Hex Binary Dotted decimal notation Decimal
04D2 0000 0100 1101 0010 0.4.13.2 1234
C0:A8:00:64 1100 0000 1010 1000 0000 0000 0110 0100 192.168.0.100 3232235620

Note that the binary value digit groups map exactly to the hex digits from the table above! Its so easy you can do it in your head as fast as you can write it down. And four hex digits is certainly easier to remember than a series of 32 ones and zeros. This is why you need to learn hexadecimal.

Review

Do you see how easy it is to convert to/from the Hexians writing of C0 A8 00 64 (base 16) to the Rudolphians writing 1100 0000 1010 1000 0000 0000 0110 0100 (base 2)

Which would you rather have to remember?

Which would be easier to do binary math (on paper) with? (more on binary math later)

Can you convert between hexadecimal and binary easily?

Do you see that the conversion is much harder to/from base 10, but that conversions to/from the other three are relatively easy?

Note: the new IPv6 will use HEX instead of dotted decimal notation for network addresses (if and when it finally becomes popular).

Using numbers written in other bases in your programs

In C and in C++ programming languages, this is how it is done:

Source Code Compiled
1234 The compiler will assume that this is a decimal number
02322 The leading zero indicates to the compiler that this number is octal or base 8 – watch out: it is really easy to miss the significance of the leading zero when reviewing code
0x4D2 a leading 0x indicates to the compiler that the value is in hexadecimal. The letter symbols in the number may be either upper case or lower case
0b10011010010 a leading 0b indicates to the compiler that the value is in binary
B10011010010 a leading uppercase B indicates to the compiler that the value is in binary in the Arduino compiler

Other Compiler notes

Above I said that 1234 is the notation for a decimal value. You will also see the notation 1234L

The trailing L means that this is a long integer value – more on this when we discuss integer sizes and types.

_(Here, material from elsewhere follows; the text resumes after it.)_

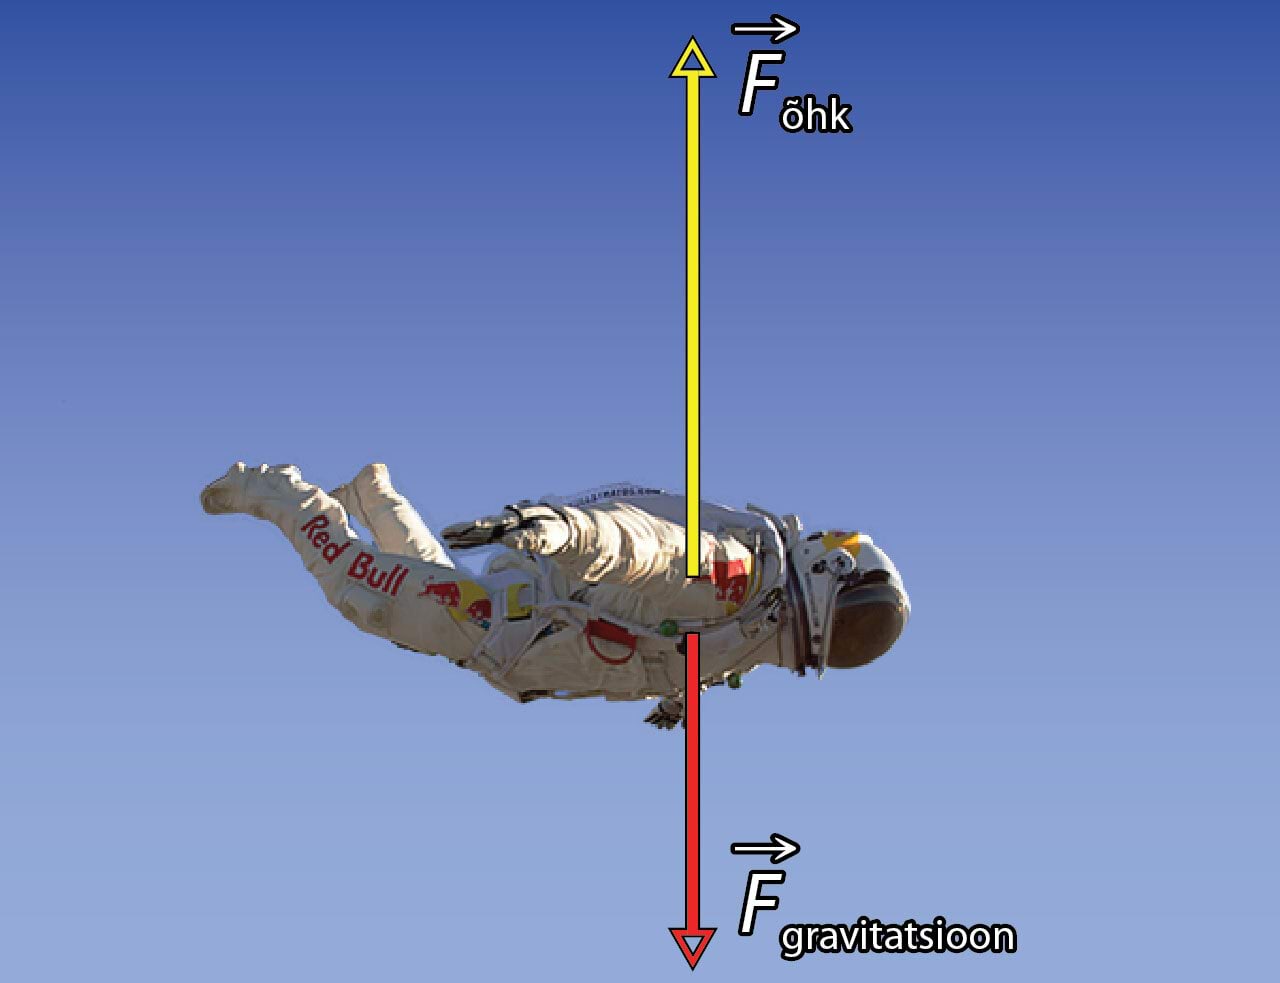 Forces acting on Felix Baumgartner during the deceleration phase of the jump

We will also discuss the differences between Signed and Unsigned integers at that time.

You will also see numbers written with decimal points:

1234.456

Anything with a decimal point is either a float or a double. We’ll have more on this when we discuss floating point notation.

Exercises for the student

One

We did not visit the planet Twinkletoes today. It is an wonderful place: everyone goes barefoot all the time and they use a base 20 number system. How would they have written the number of marbles in our bucket?

Two

All of the examples in this document have shown how to convert from other bases into base 10. How would you write a program to convert from base 10 into another base? Hint: you may find the C or python language remainder operator % useful.

Three

Can you write a command line program that will:

  1. ask the user to input a number base in base 10 (2 through 36 allowed)

  2. ask the user to input a number for conversion in that base. Remember: good programmers error check all user input. The program should print an error if the user inputs a symbol not allowed in the requested base.

  3. print out the input number converted to Binary, Decimal, and Hexadecimal formats. Hint: Have a look at the printf() function in C or print() in python.

  4. Can you write a new version of the program above that will start like the one above but will also ask the user to select an output base. The program will then print out the user’s input number converted to the the requested output base? Any base from 2 through 36 would be allowed for the output base. Use single letters for numbers in the big bases like we did in hexadecimal.